● The task
The answer must be an exact reprint of the lines from the one with "Mobility Disruption Framework book rendering" through the final line of the data, with no pictures included.

● Given material

####################

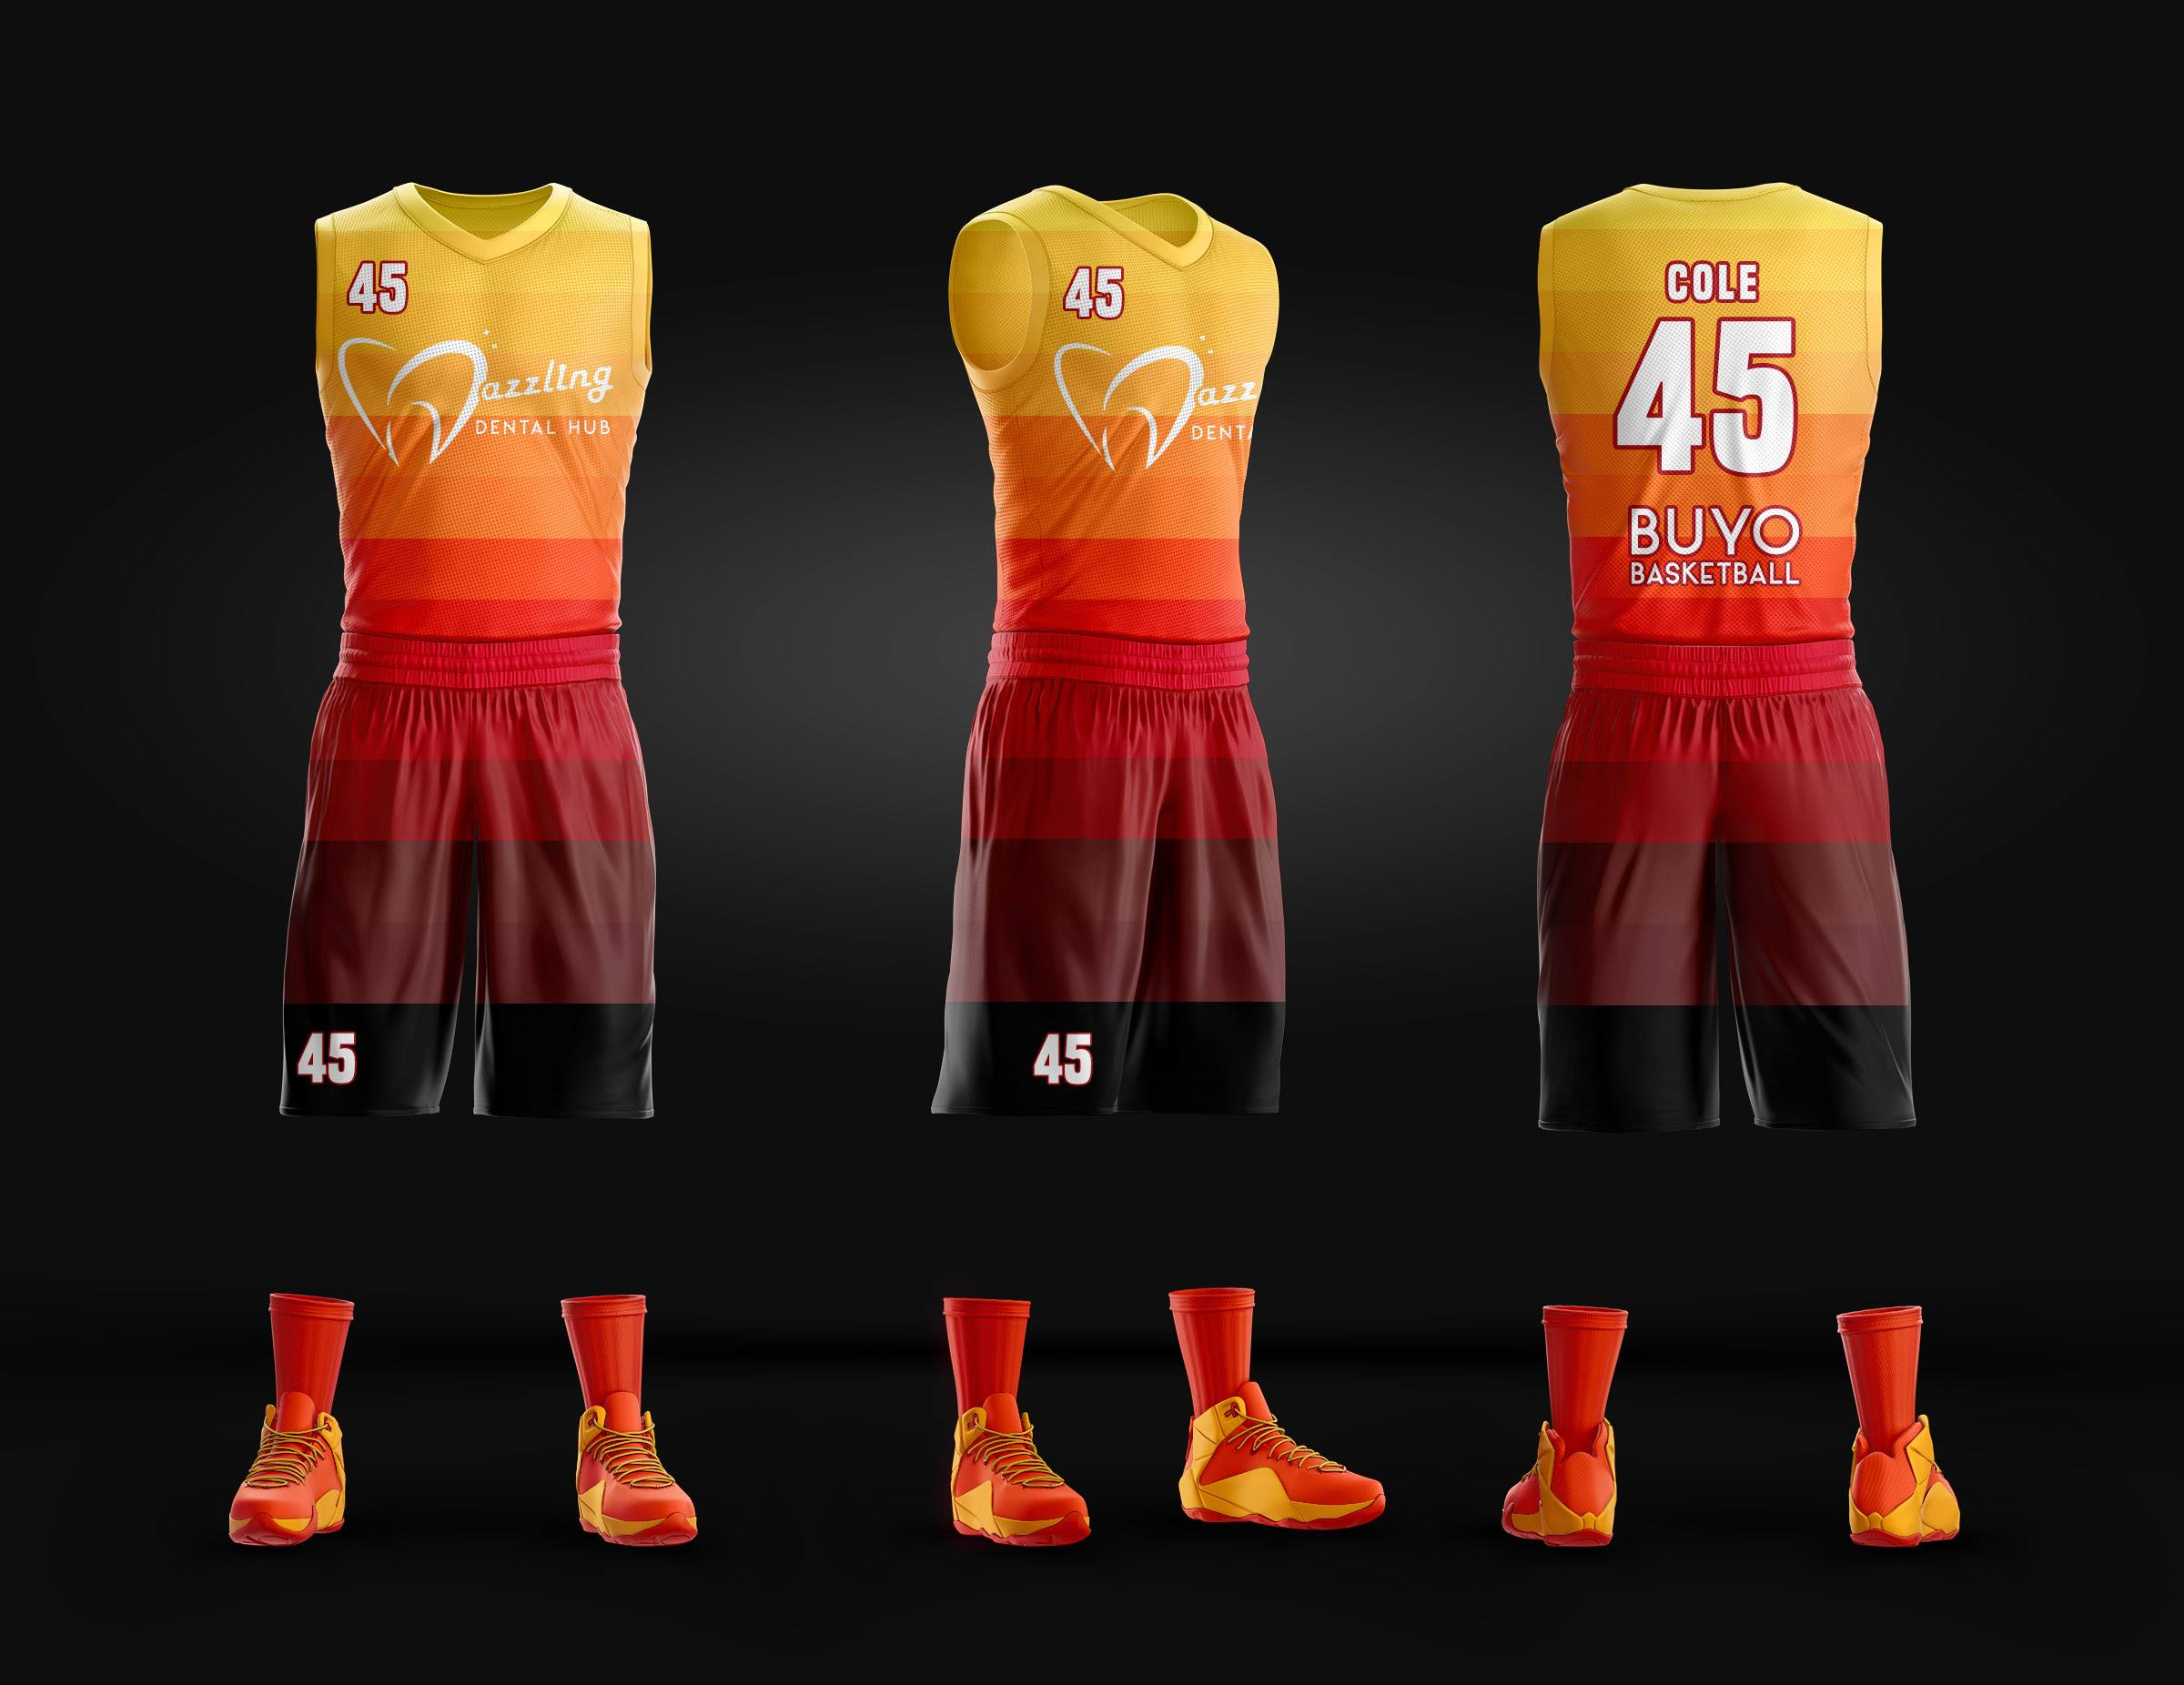 b92e8a5cfc5 Buyo Full Sublimation Basketball Jersey – Philiprint
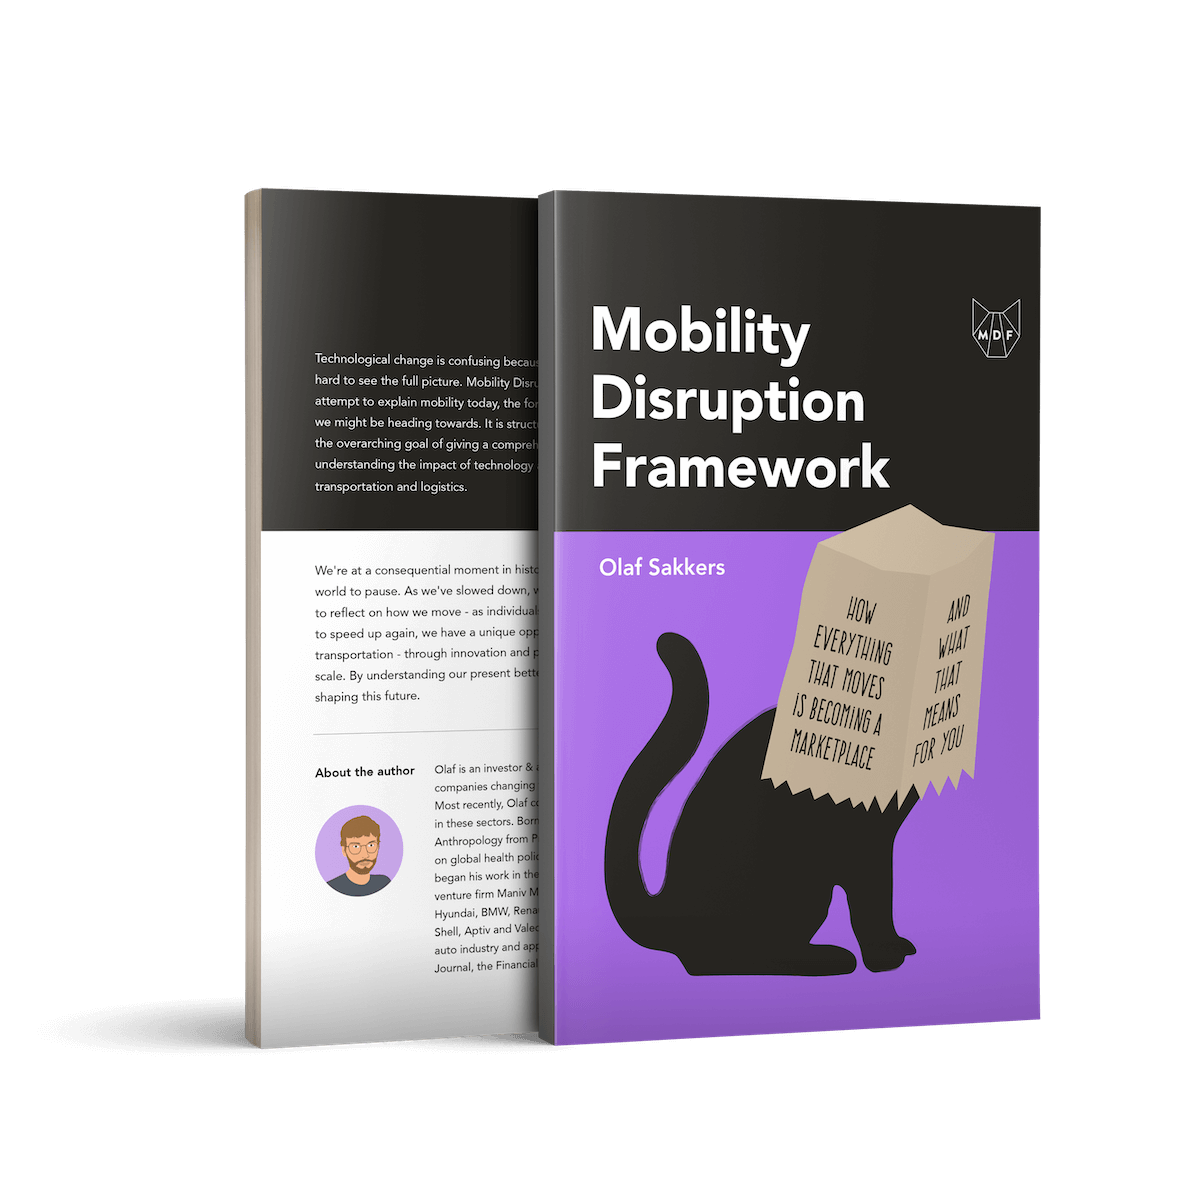 Mobility Disruption Framework book rendering
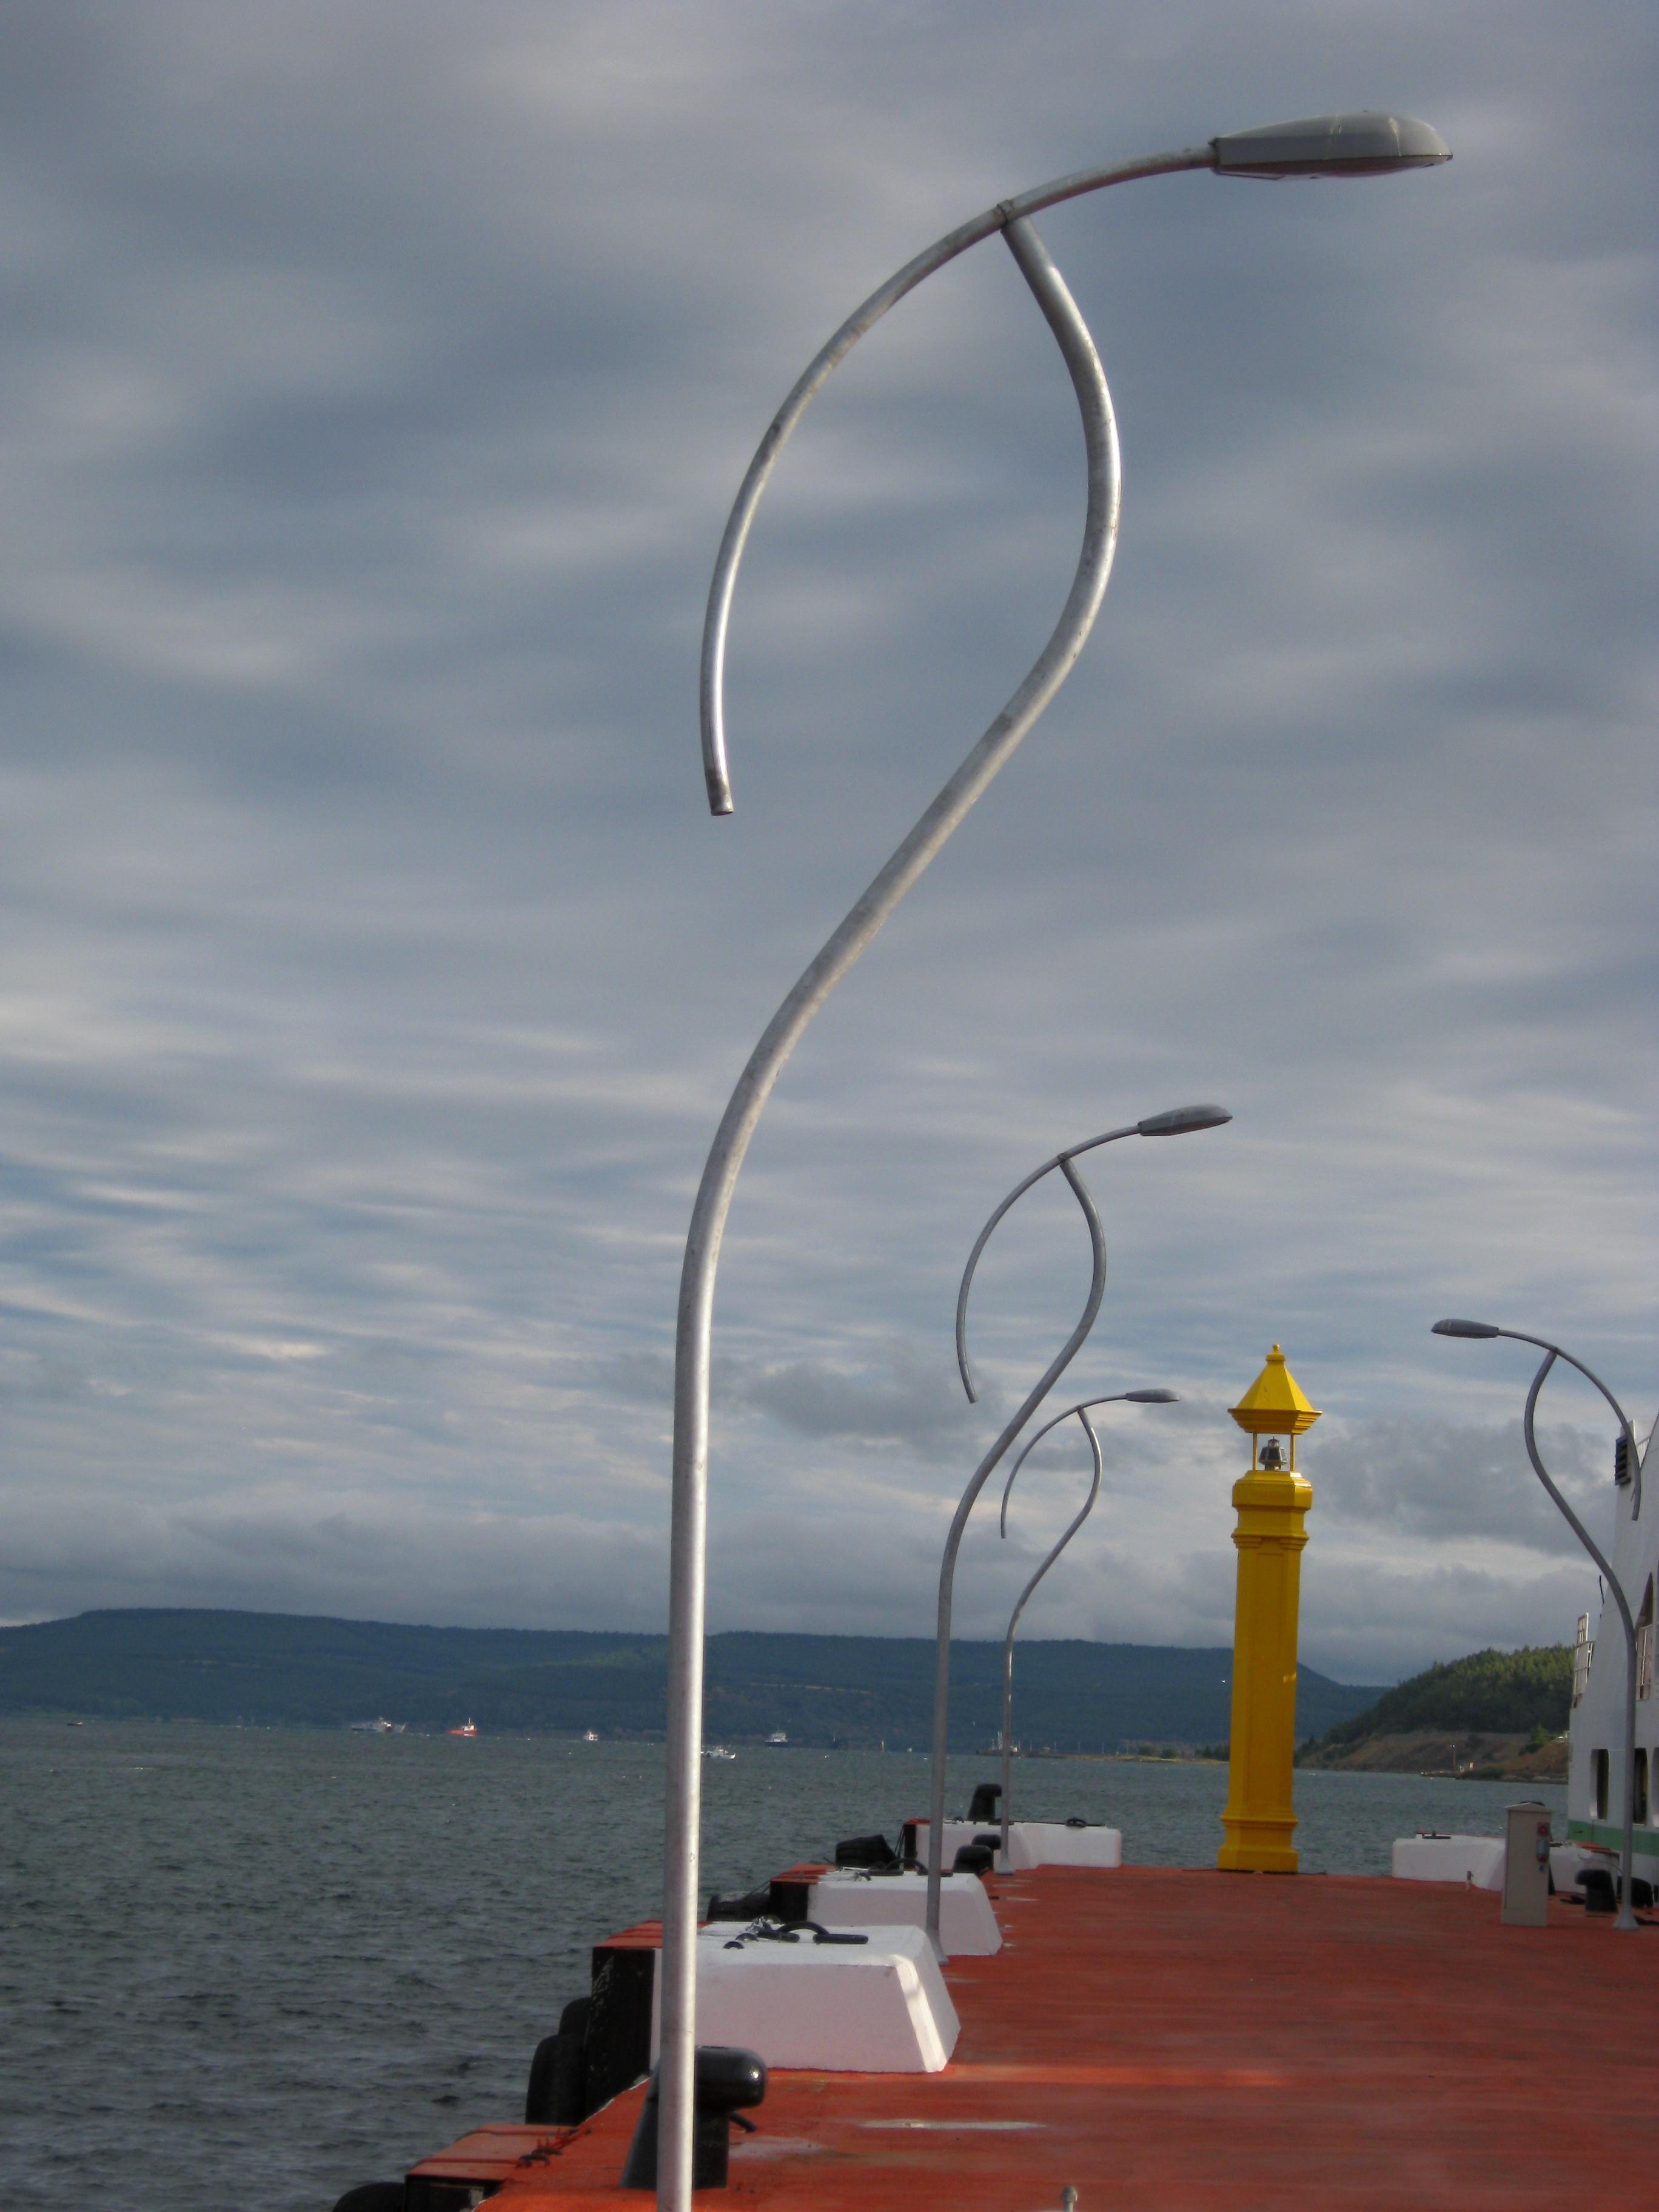 Pier Ligthhouse, Boat, Fishing, Light, Lighthouse, HQ Photo

####################

● Solution for this problem
 Mobility Disruption Framework book rendering
 Pier Ligthhouse, Boat, Fishing, Light, Lighthouse, HQ Photo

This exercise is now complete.